SUPPLIED INFORMATION:
· · · · · · ·
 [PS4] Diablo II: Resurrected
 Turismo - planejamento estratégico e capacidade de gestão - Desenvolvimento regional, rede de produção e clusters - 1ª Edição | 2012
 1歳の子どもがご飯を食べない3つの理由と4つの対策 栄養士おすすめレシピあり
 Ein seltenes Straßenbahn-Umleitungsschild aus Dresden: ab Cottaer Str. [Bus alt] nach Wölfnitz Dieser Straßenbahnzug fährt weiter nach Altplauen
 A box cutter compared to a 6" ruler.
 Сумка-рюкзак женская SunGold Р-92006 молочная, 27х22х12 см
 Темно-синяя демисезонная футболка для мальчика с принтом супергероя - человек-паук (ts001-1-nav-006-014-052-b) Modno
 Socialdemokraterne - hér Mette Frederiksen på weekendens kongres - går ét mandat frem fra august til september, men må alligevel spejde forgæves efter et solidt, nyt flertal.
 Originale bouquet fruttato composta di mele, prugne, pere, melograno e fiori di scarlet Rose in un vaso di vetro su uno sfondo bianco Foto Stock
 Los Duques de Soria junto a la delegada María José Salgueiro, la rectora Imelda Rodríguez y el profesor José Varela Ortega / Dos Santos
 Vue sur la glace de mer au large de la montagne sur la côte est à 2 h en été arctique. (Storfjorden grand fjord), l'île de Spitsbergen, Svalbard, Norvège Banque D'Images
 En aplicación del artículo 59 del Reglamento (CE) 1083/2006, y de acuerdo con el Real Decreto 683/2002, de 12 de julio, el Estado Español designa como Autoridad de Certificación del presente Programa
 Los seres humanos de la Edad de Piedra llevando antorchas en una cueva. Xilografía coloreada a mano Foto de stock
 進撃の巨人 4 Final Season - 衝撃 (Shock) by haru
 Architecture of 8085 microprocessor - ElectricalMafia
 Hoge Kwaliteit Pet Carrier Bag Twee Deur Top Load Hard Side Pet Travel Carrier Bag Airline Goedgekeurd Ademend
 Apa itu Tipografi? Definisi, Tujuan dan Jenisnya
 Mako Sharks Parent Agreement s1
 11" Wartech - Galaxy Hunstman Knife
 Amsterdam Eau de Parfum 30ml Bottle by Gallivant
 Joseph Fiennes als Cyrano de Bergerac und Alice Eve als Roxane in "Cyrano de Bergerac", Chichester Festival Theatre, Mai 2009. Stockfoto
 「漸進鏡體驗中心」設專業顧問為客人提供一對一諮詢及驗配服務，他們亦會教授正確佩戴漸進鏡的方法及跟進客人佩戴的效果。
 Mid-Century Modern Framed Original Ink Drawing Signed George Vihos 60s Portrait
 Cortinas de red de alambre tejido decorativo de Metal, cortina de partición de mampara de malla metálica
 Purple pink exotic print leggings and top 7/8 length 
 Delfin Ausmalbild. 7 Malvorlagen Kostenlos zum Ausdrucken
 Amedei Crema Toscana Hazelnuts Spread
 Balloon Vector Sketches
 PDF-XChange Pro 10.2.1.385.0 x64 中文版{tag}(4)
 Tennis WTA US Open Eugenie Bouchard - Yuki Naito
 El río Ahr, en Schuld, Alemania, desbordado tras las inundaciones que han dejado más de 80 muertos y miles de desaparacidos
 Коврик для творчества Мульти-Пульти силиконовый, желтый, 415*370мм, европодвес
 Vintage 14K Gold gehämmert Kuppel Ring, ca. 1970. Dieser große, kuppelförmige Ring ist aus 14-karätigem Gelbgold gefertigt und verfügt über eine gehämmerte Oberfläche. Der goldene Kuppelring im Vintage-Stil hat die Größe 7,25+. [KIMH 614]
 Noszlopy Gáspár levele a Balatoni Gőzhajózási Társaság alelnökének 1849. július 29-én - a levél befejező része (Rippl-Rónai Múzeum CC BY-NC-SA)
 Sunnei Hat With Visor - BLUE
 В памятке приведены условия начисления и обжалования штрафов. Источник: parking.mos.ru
· · · · · · ·
TASK TO COMPLETE: Transcribe the records from their first line. Stop after the line with "Vue sur la glace", including it.

WRITTEN ANSWER:
 [PS4] Diablo II: Resurrected
 Turismo - planejamento estratégico e capacidade de gestão - Desenvolvimento regional, rede de produção e clusters - 1ª Edição | 2012
 1歳の子どもがご飯を食べない3つの理由と4つの対策 栄養士おすすめレシピあり
 Ein seltenes Straßenbahn-Umleitungsschild aus Dresden: ab Cottaer Str. [Bus alt] nach Wölfnitz Dieser Straßenbahnzug fährt weiter nach Altplauen
 A box cutter compared to a 6" ruler.
 Сумка-рюкзак женская SunGold Р-92006 молочная, 27х22х12 см
 Темно-синяя демисезонная футболка для мальчика с принтом супергероя - человек-паук (ts001-1-nav-006-014-052-b) Modno
 Socialdemokraterne - hér Mette Frederiksen på weekendens kongres - går ét mandat frem fra august til september, men må alligevel spejde forgæves efter et solidt, nyt flertal.
 Originale bouquet fruttato composta di mele, prugne, pere, melograno e fiori di scarlet Rose in un vaso di vetro su uno sfondo bianco Foto Stock
 Los Duques de Soria junto a la delegada María José Salgueiro, la rectora Imelda Rodríguez y el profesor José Varela Ortega / Dos Santos
 Vue sur la glace de mer au large de la montagne sur la côte est à 2 h en été arctique. (Storfjorden grand fjord), l'île de Spitsbergen, Svalbard, Norvège Banque D'Images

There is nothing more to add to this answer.